2. Drop the Revenue under the Indicator field.
3. Set target value (the previous year's revenue or a goal of business), for example.
4. Designate Date as a trend axis since performance over time will be displayed.
3.Sankey Chart
-Presents how categories (for example, how income moves through regions) interact with each other.
-Best used to illustrate trends in dynamic data.
Implementation:
1.Download the Sankey Chart visual from Power BI Marketplace.
2.Put Region in Source and Product Category in Destination.
3.Add Revenue as a Weight field to indicate the strength of the flow.
4.Heat Maps for Geographic Analysis
- Illustrating data density spatially.
Perfect for regional sales, customer distributions and event tracking.
Implementation:
1.Select Map in the Visualizations Pane.
2.Add Region in Location.
3.Add Revenue in Size to indicate intensity.
4.Select Heat Map style to represent density.
5.Custom R and Python Visuals
This includes incorporating advanced statistical and machine learning models in Power BI.
Basic knowledge of either R or Python is required.
Implementation:
1.Select either R or Python visual.
2.Copy script (e.g., advanced trend forecasting using Python's matplotlib or R's ggplot2).
3.Execute the script to generate the pictorial visualization.

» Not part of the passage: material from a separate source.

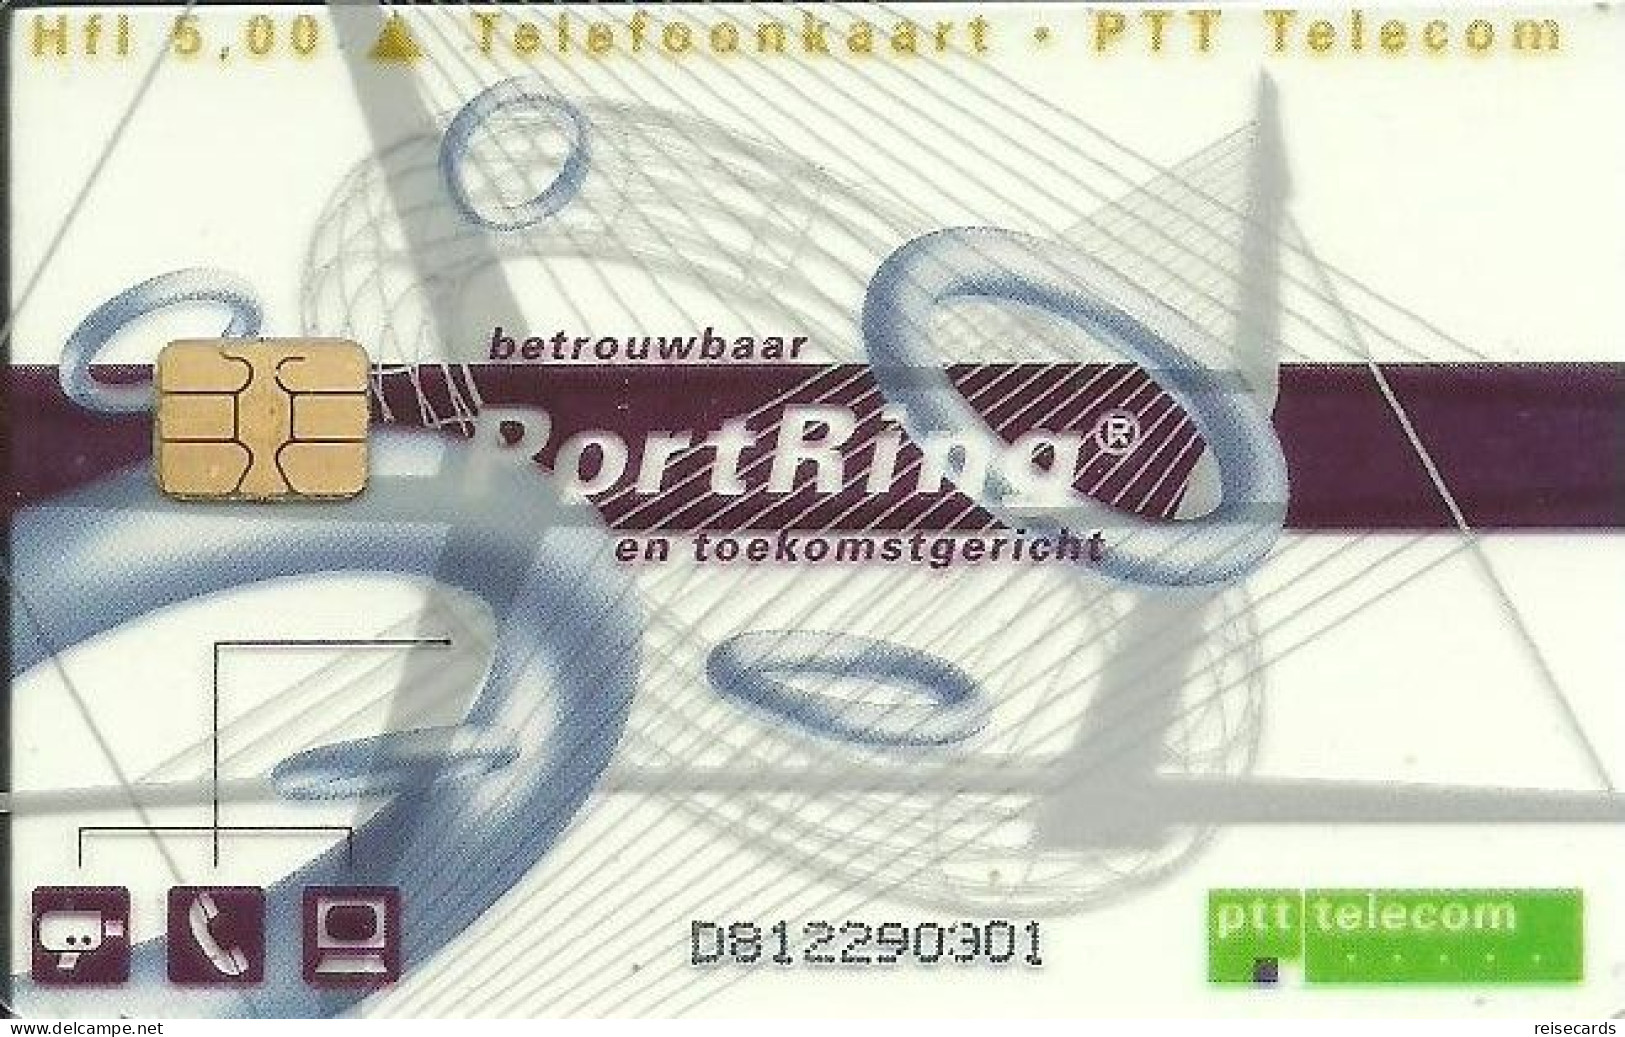 Netherlands: Ptt Telecom - 1997 PortRing. Mint, Transparent - öffentlich
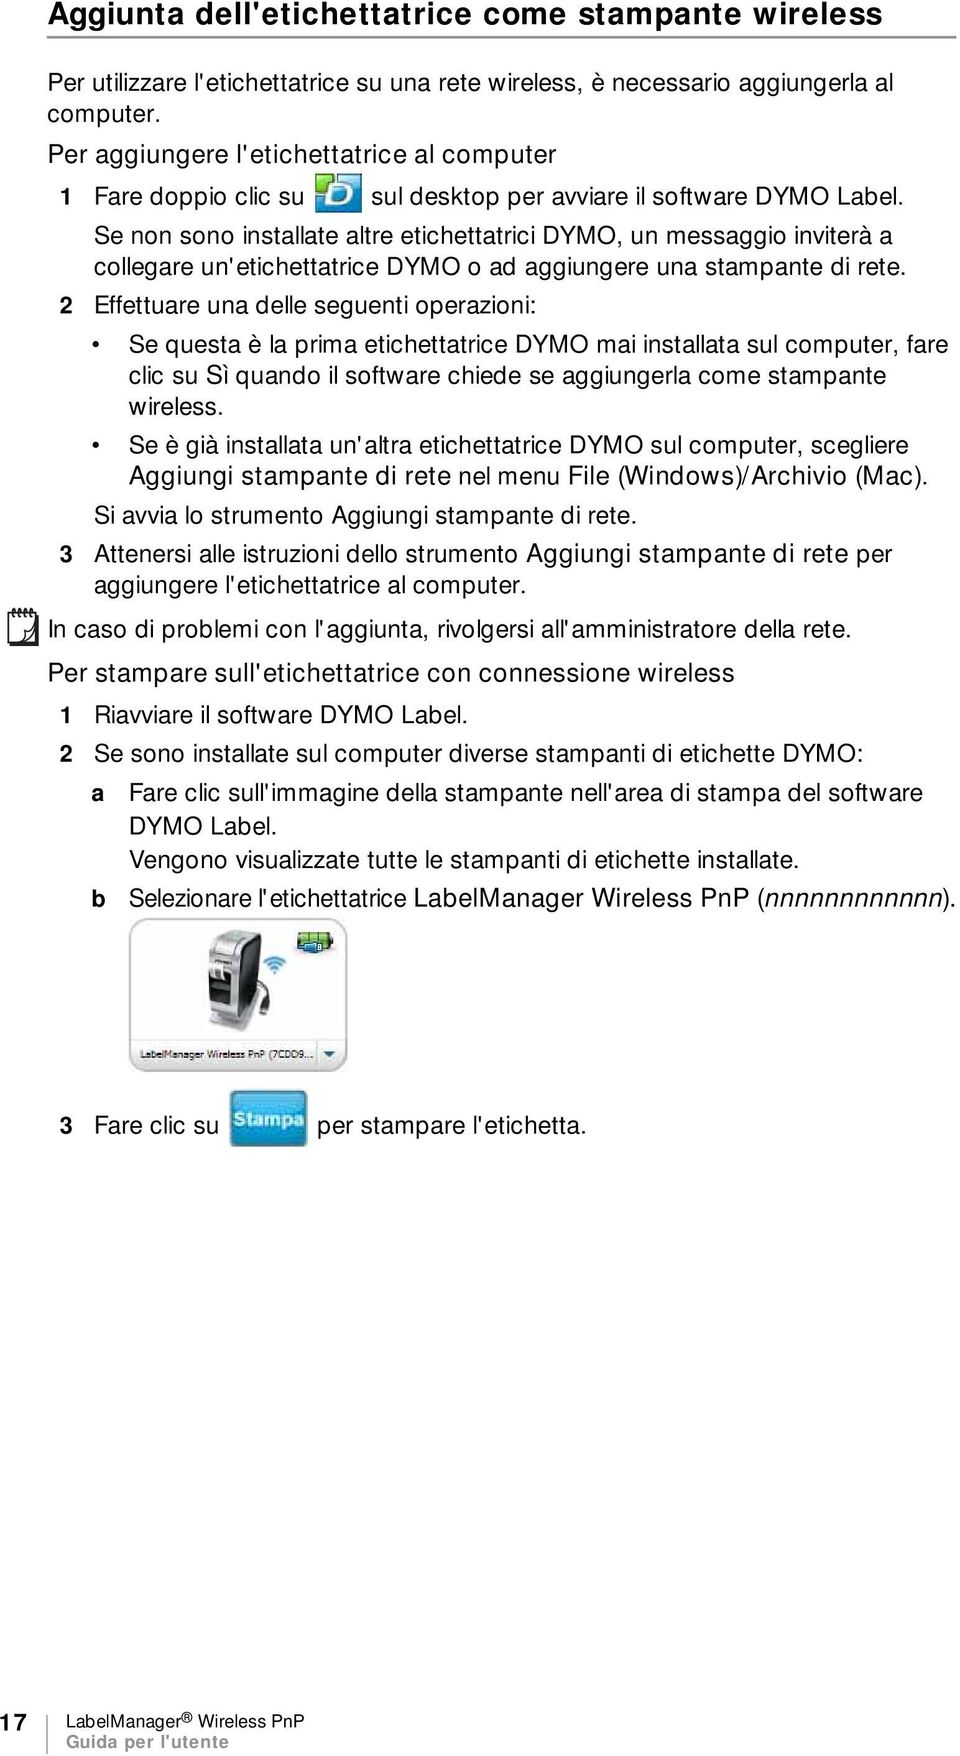 Se non sono installate altre etichettatrici DYMO, un messaggio inviterà a collegare un'etichettatrice DYMO o ad aggiungere una stampante di rete.

Enabling More Interactivity through Advanced Visuals
More than just the various types of visuals, interactivity lets users drill down into the data relating to the topic at hand. Here are some techniques:
1. Drill-Through Pages
•Users can click on any data point to open a detailed report to conduct further analysis.
•For example, clicking on a bar chart for a region's revenues opens up a report for the sales breakdown by city.
Implementation:
1.Open a new page in Power BI.
2.Add the visual on that page (i.e., a table showing sales by city).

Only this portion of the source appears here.